**YOUR GOAL:** Without copying any picture, return all lines below exactly.

**INFORMATION SHOWN:**
——
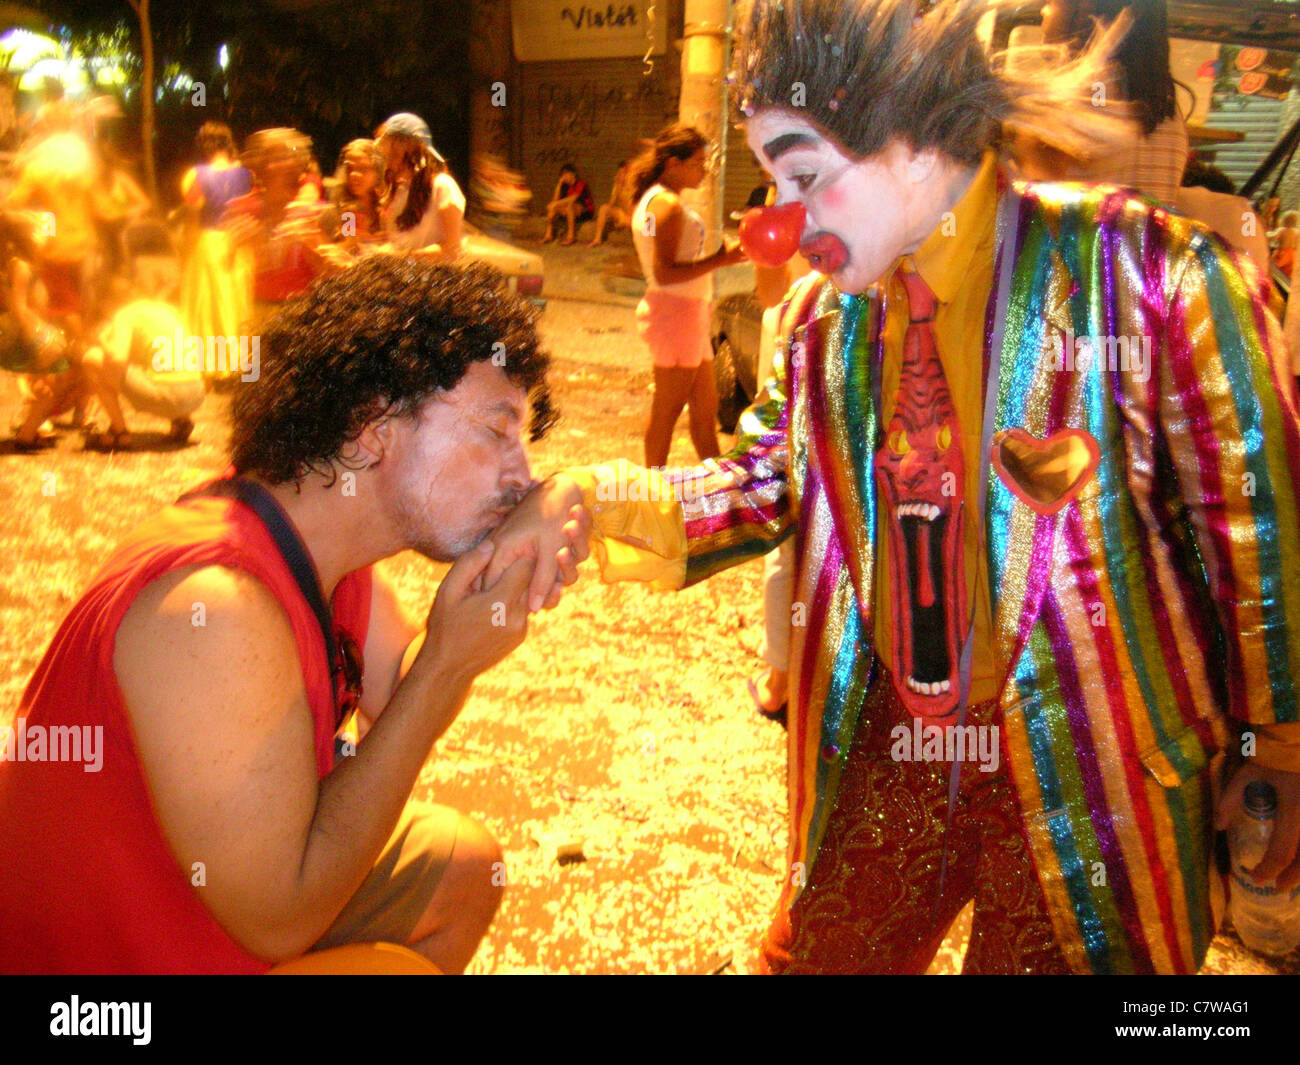 Reveler clown baciare la mano a Rio de Janeiro il carnevale di strada, Brasile. Stile di vita Carioca Foto Stock
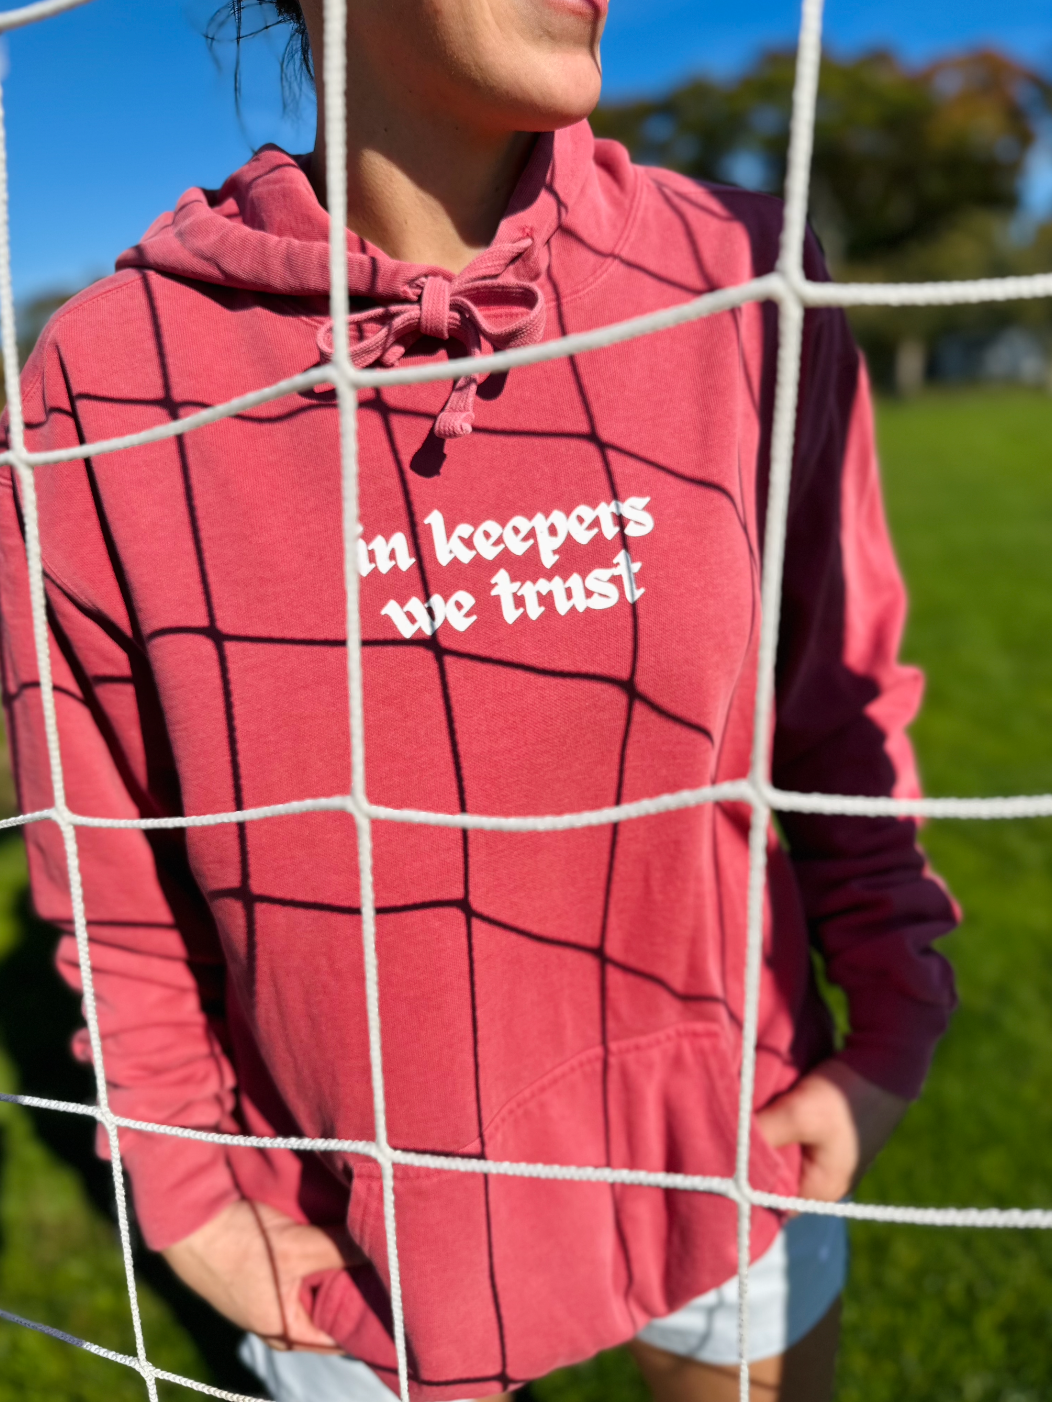 In Keepers We Trust Adult Hooded Sweatshirt
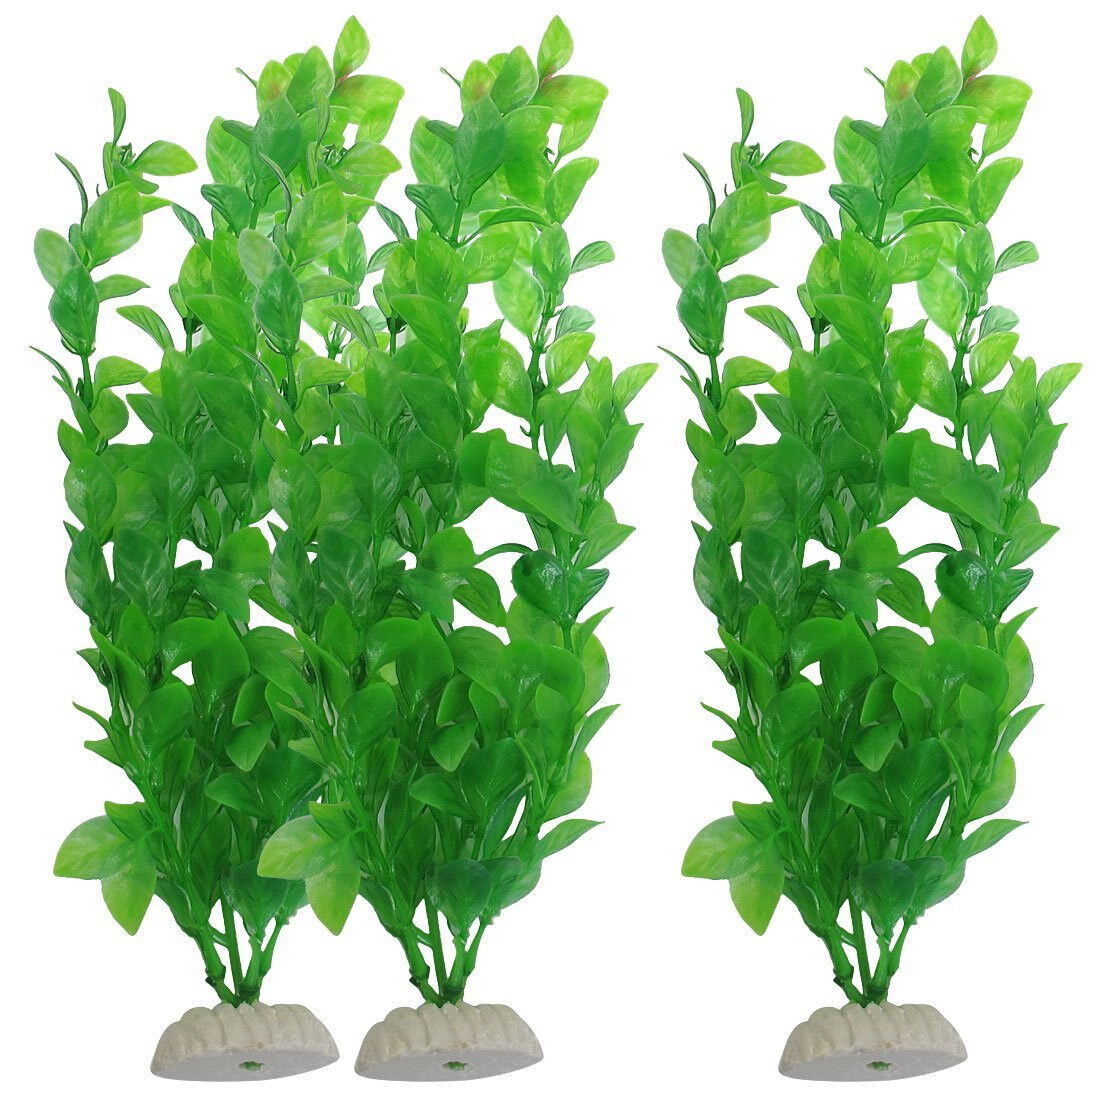 3pcs Artificial Aquarium Fish Tank Green Plastic Plant Decoration 10-Inch Tall
——
**ANSWER SPACE:**
 Reveler clown baciare la mano a Rio de Janeiro il carnevale di strada, Brasile. Stile di vita Carioca Foto Stock
 In Keepers We Trust Adult Hooded Sweatshirt
 3pcs Artificial Aquarium Fish Tank Green Plastic Plant Decoration 10-Inch Tall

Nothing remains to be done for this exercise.